Restructuring tools are diverse and focus on bringing rampant debt under control, decreasing costs and overheads, alleviating ongoing pressure from creditors caused by weak cash flow and reorganising the manner in which distressed companies trade. This might also include an urgent requirement to reconfigure management, the board of directors and employees. The ability to renegotiate onerous (and prejudicial) contracts also remains an option, especially in a (formal) rescue scenario. These restructuring tools remain varied and adoption and implementation will depend on the company, the nature (cause) of the distress and the attitude and level of support of stakeholders, especially that of the financial institutions exposed to the distressed company.
Insolvency professionals need to adopt a holistic approach to dealing with the issues and root causes for the company’s position of distress and decide on the most effective tool to be adopted in the peculiar circumstances facing the distressed company. These may include an informal restructuring (solvent restructuring), a business rescue process or an insolvency/liquidation process.
Insolvency professionals must recognise that in order to add real value to the restructuring process they will need to become aware of and bring themselves up to speed in respect of all restructuring disciplines (as mentioned above) and in order to become effective “corporate doctors”.
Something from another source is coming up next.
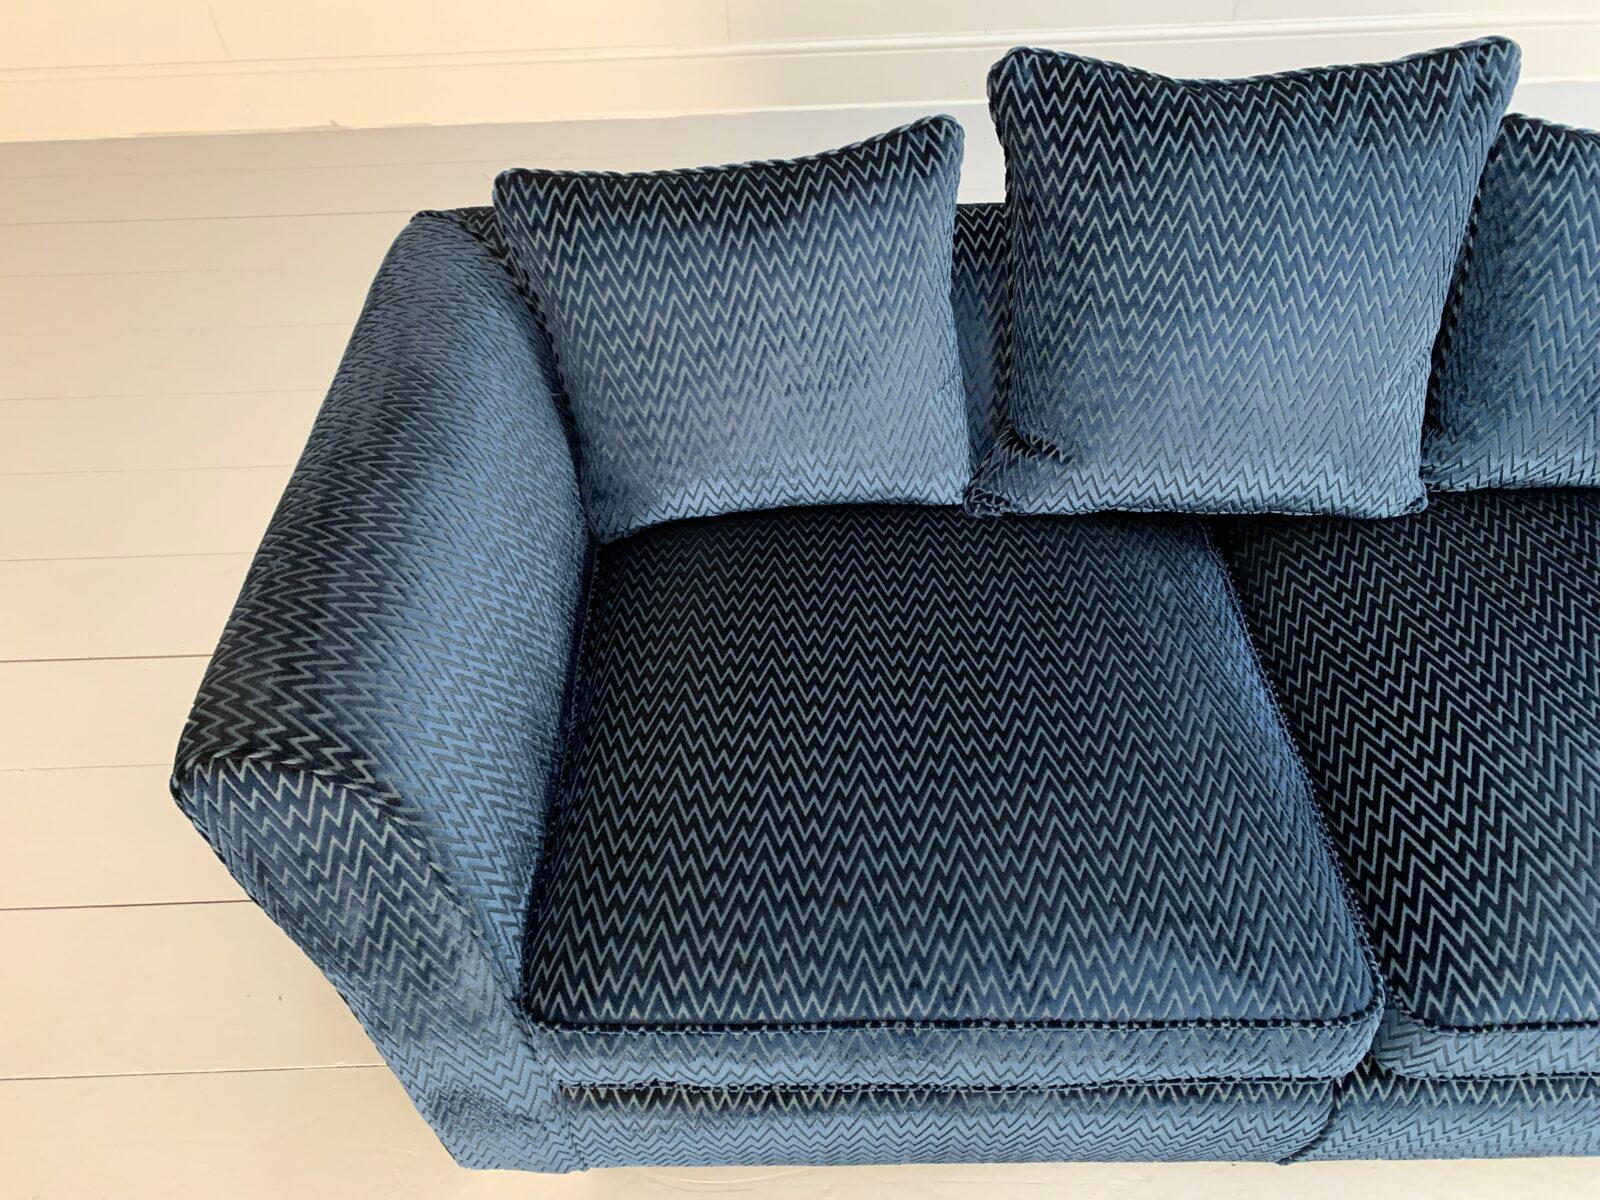 Fendi Casa 4-Seat Chaise-End Sofa - In Navy Blue Zig-Zag Velvet In Good Condition For Sale In Barrowford, GB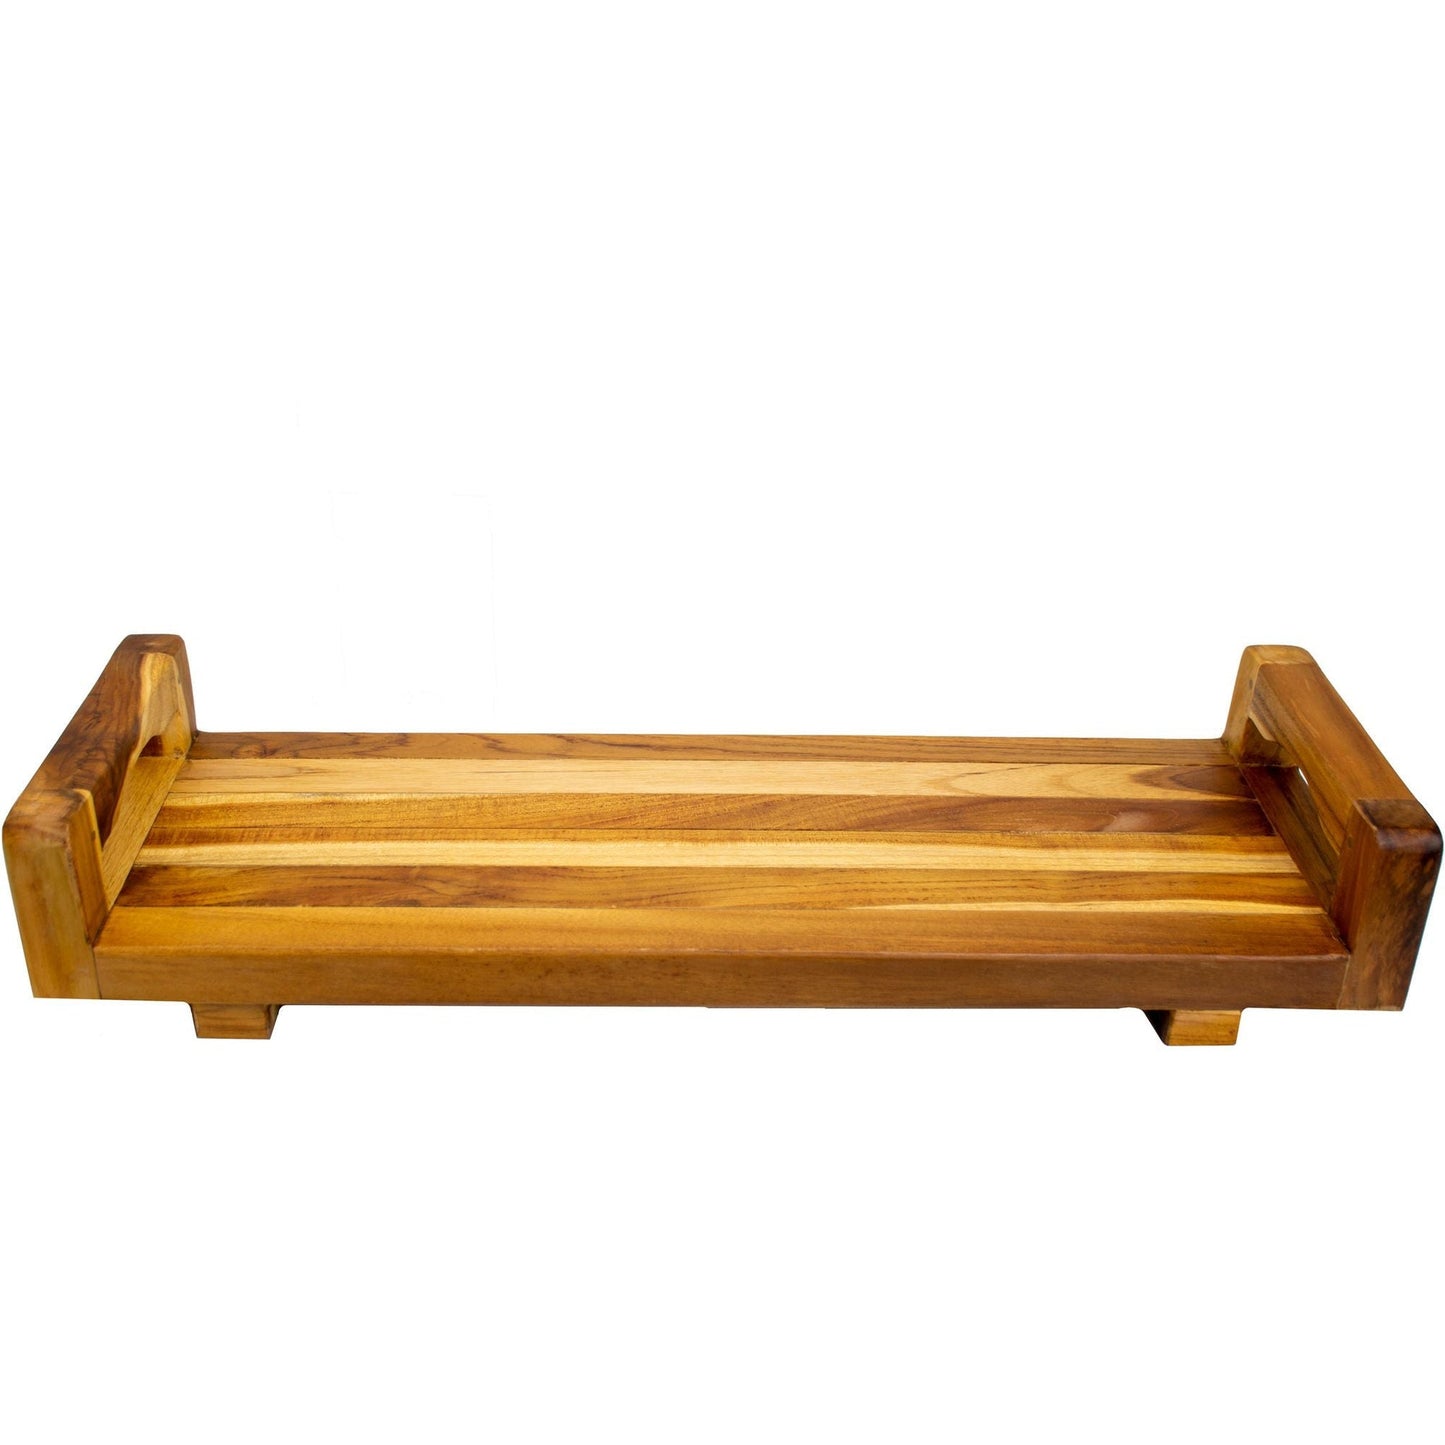 EcoDecors Eleganto 29" EarthyTeak Solid Teak Wood Bath Tray and Seat With LiftAide Arms

One cannot practice in this area of speciality without being in touch with and understanding all of the mechanics and tools of restructuring companies in distress. This includes the informal restructuring process (the solvent restructuring), the makeup and mechanism of the section 155 compromise procedure, all of the business rescue mechanisms and workings of Chapter 6 of the Companies Act, and the intricacies and machinery of the insolvency process. For example, an understanding of the comparison between a business rescue dividend as opposed to a liquidation dividend is an essential factor in being able to decide which way the restructuring process should unfold. Having a multi-faceted approach to the tools available and being able to call on these skills at any time (depending on the situation faced) can only improve better outcomes for companies in financial distress. Adopting a one-dimensional approach does not provide value to the board, the company, the creditors or the employees of the distressed entity. In corporate South Africa, it is vitally important that stakeholders can recognize a multiple skill set on the part of insolvency practitioners and where the practitioner is skilled in all disciplines in order to be able to successfully restructure, rescue or wind up the company for the benefit of all affected persons.